Every line below is to be copied exactly, with the pictures left out.

_DATA EXCERPT_
· · · · · · ·
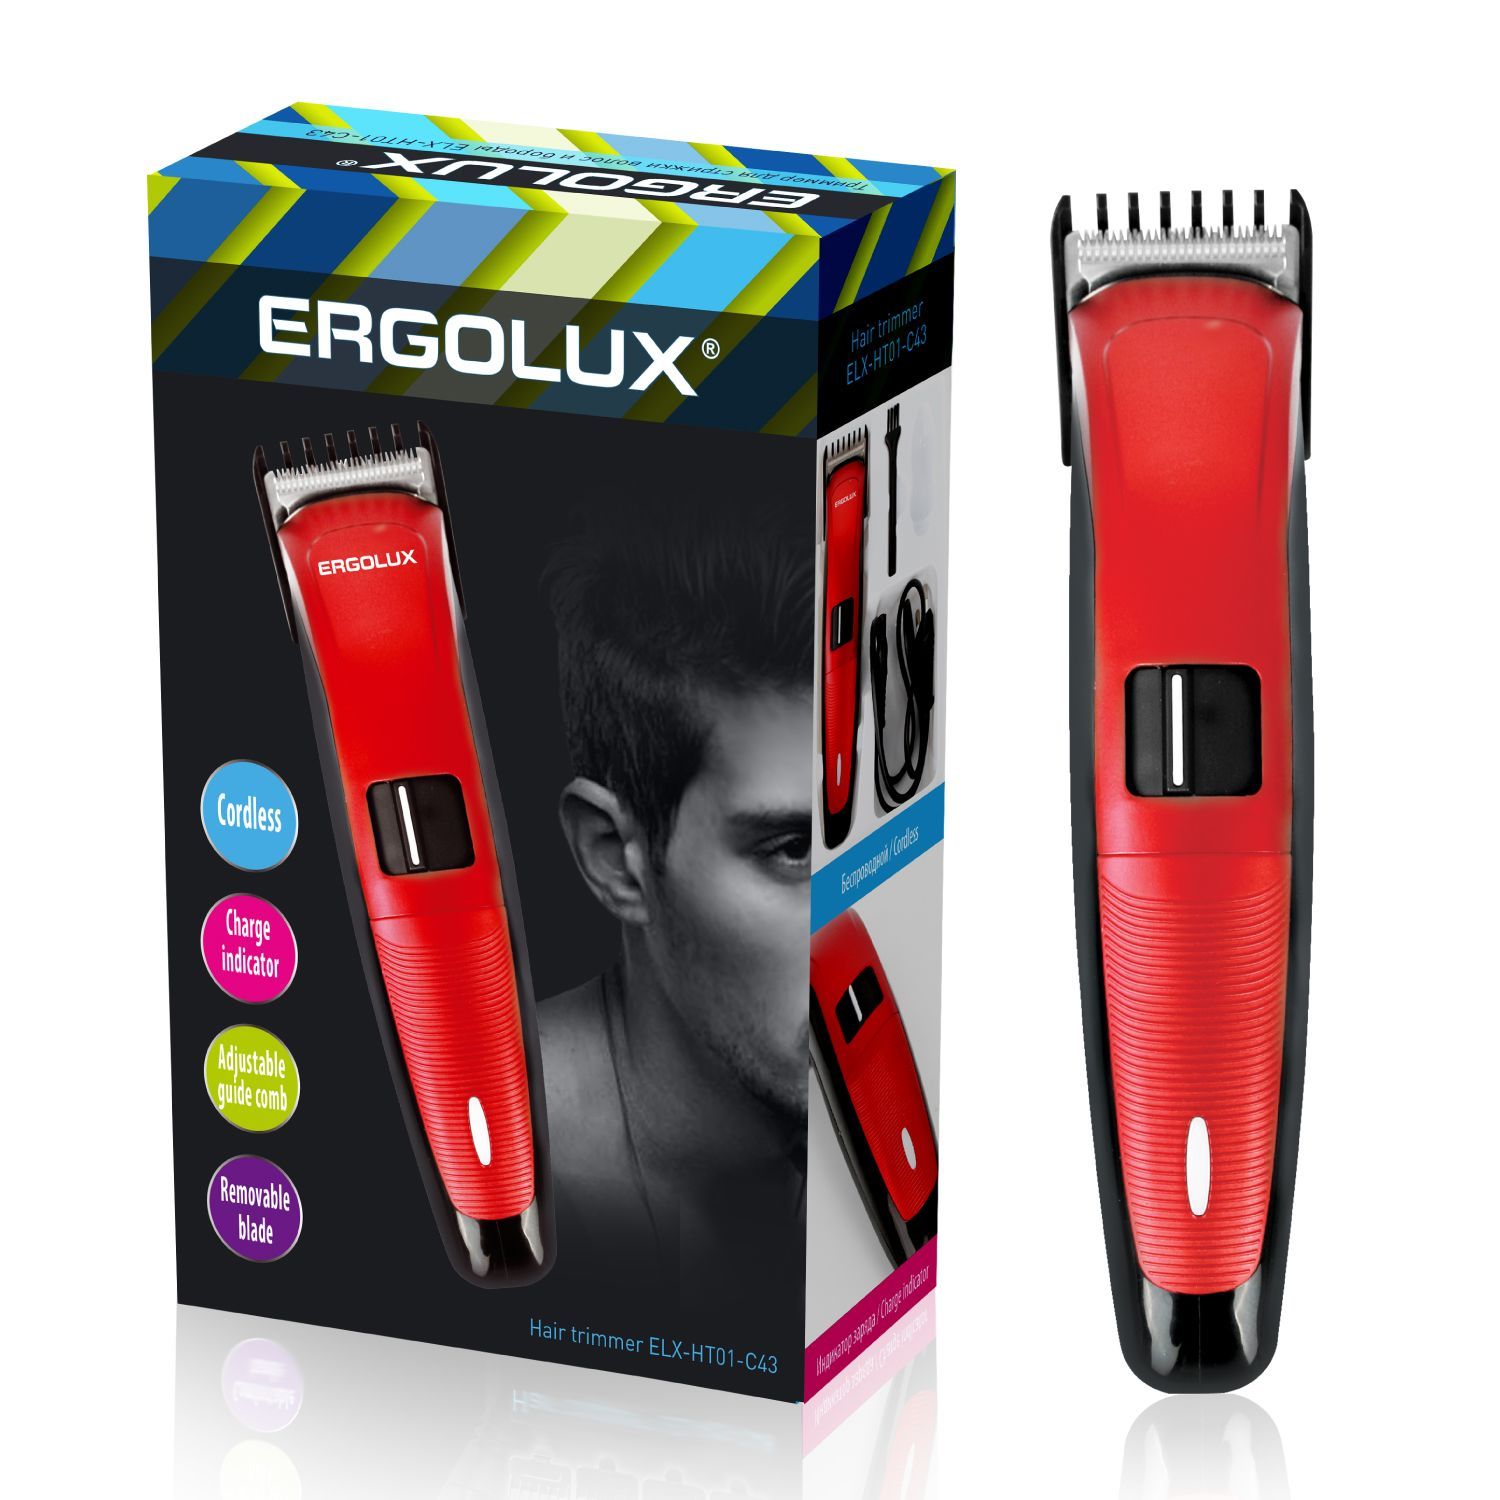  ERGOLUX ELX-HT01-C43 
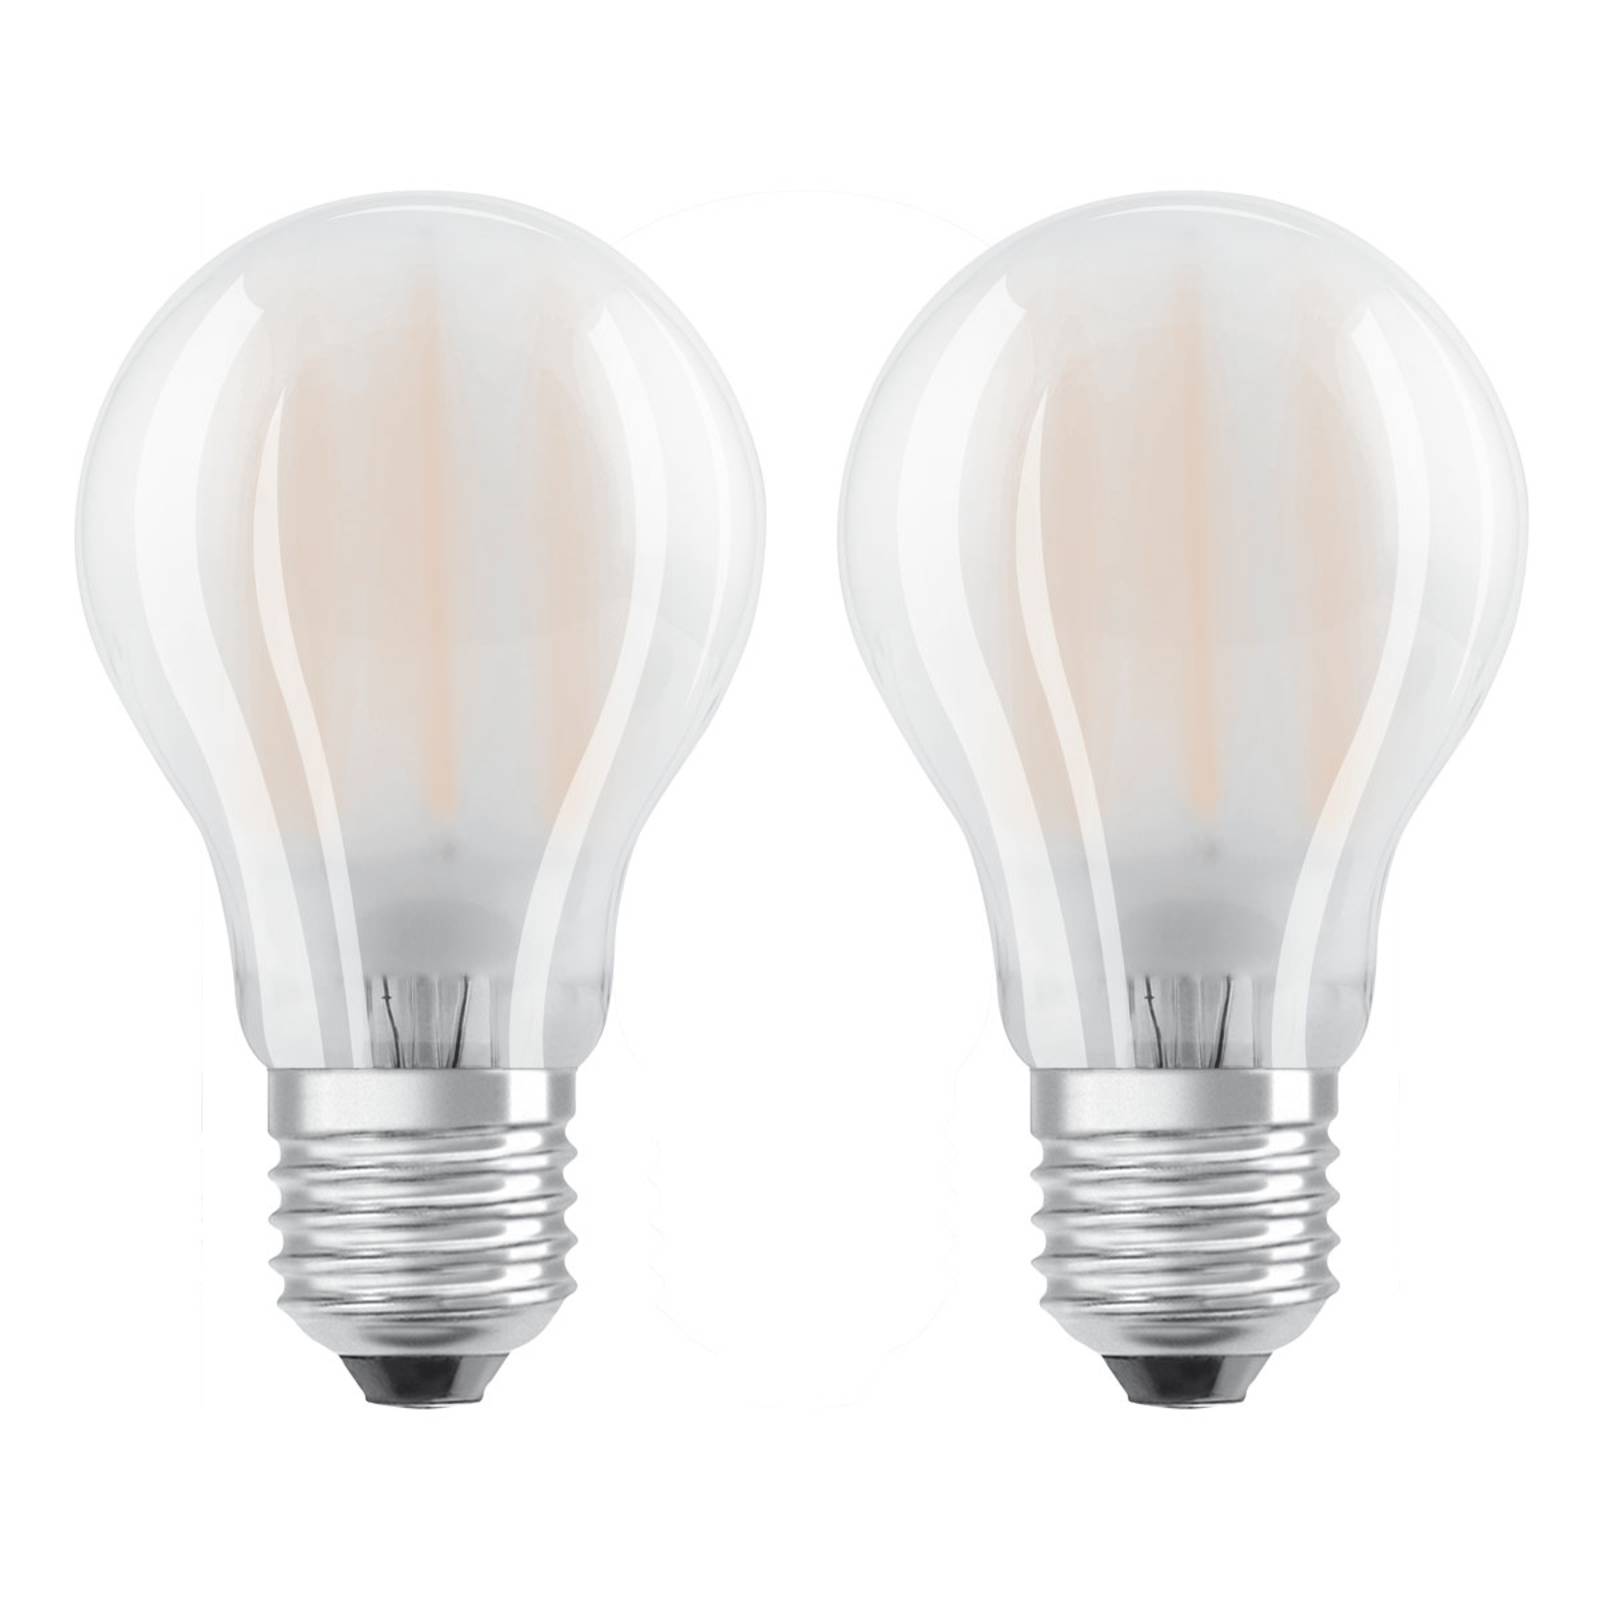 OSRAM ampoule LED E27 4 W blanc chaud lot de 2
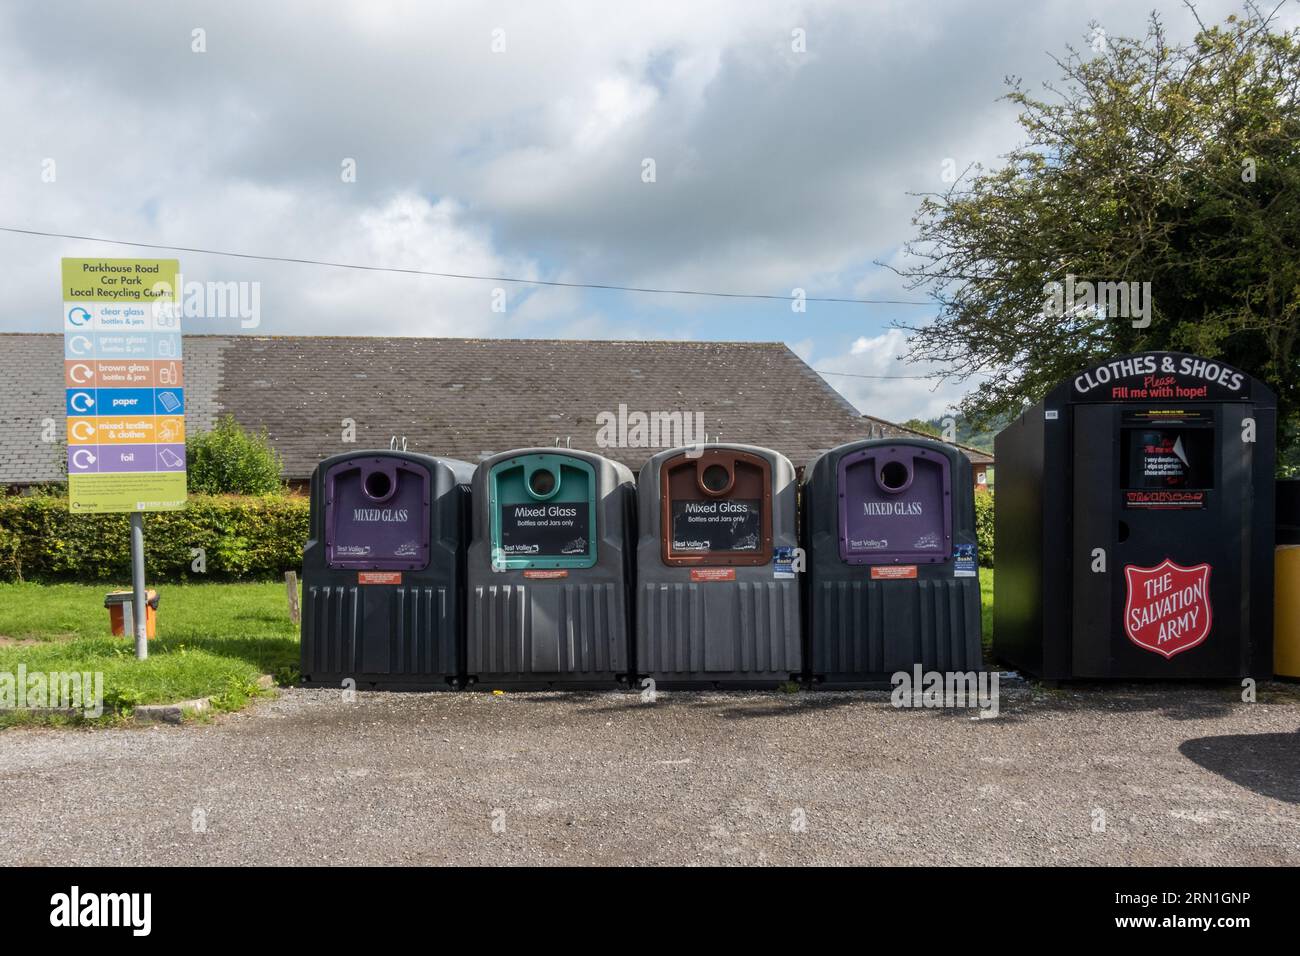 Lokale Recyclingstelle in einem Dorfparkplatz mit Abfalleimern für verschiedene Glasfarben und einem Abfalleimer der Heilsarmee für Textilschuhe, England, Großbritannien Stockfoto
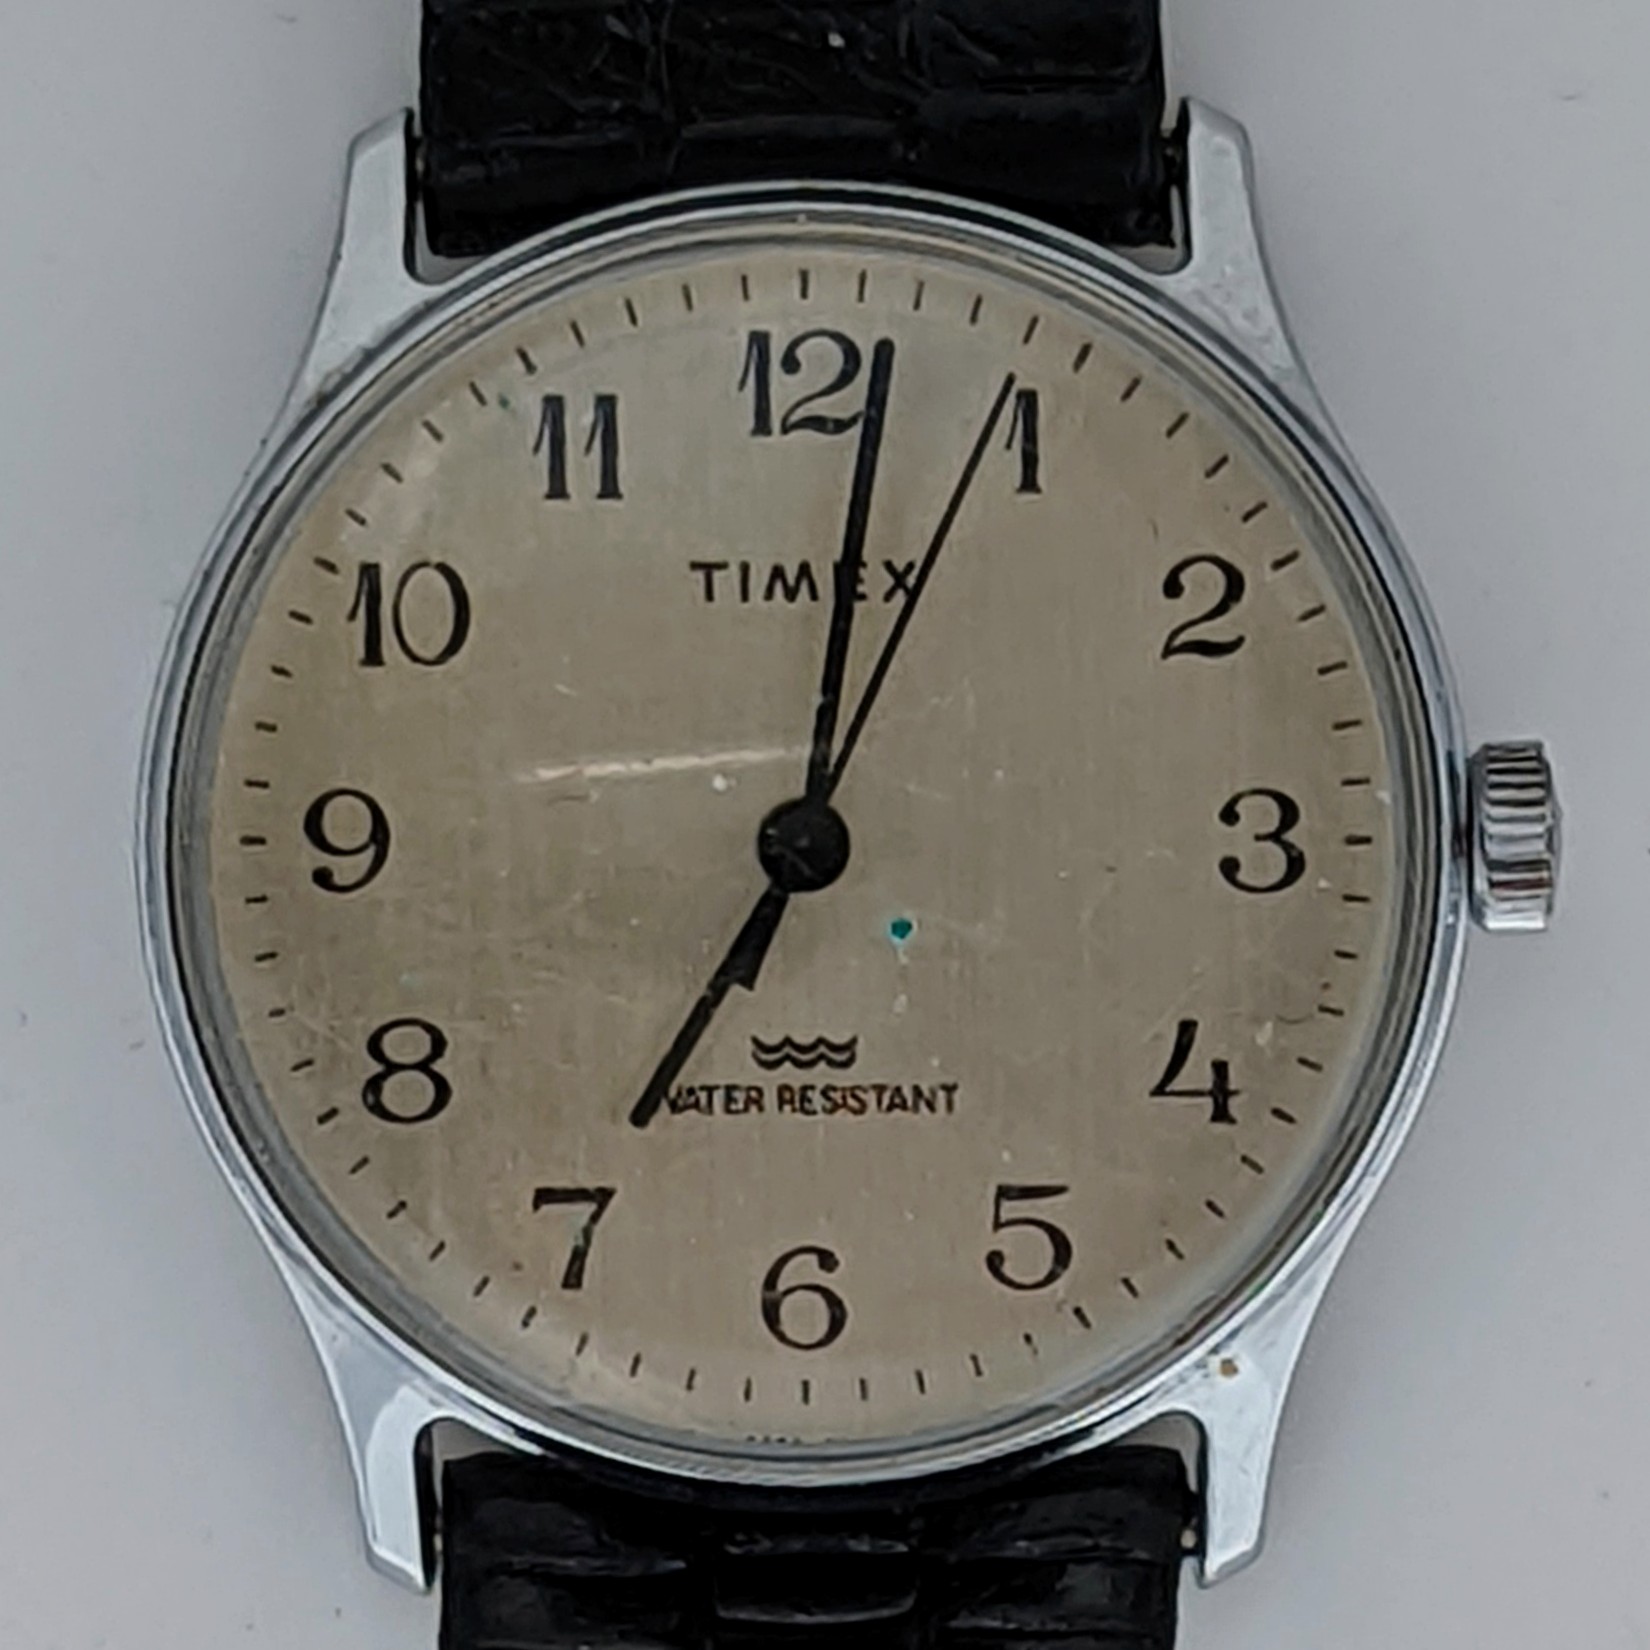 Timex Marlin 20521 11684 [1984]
· · · · · · ·
_ANSWER BOX_
  ERGOLUX ELX-HT01-C43 
 OSRAM ampoule LED E27 4 W blanc chaud lot de 2
 Lokale Recyclingstelle in einem Dorfparkplatz mit Abfalleimern für verschiedene Glasfarben und einem Abfalleimer der Heilsarmee für Textilschuhe, England, Großbritannien Stockfoto
 Timex Marlin 20521 11684 [1984]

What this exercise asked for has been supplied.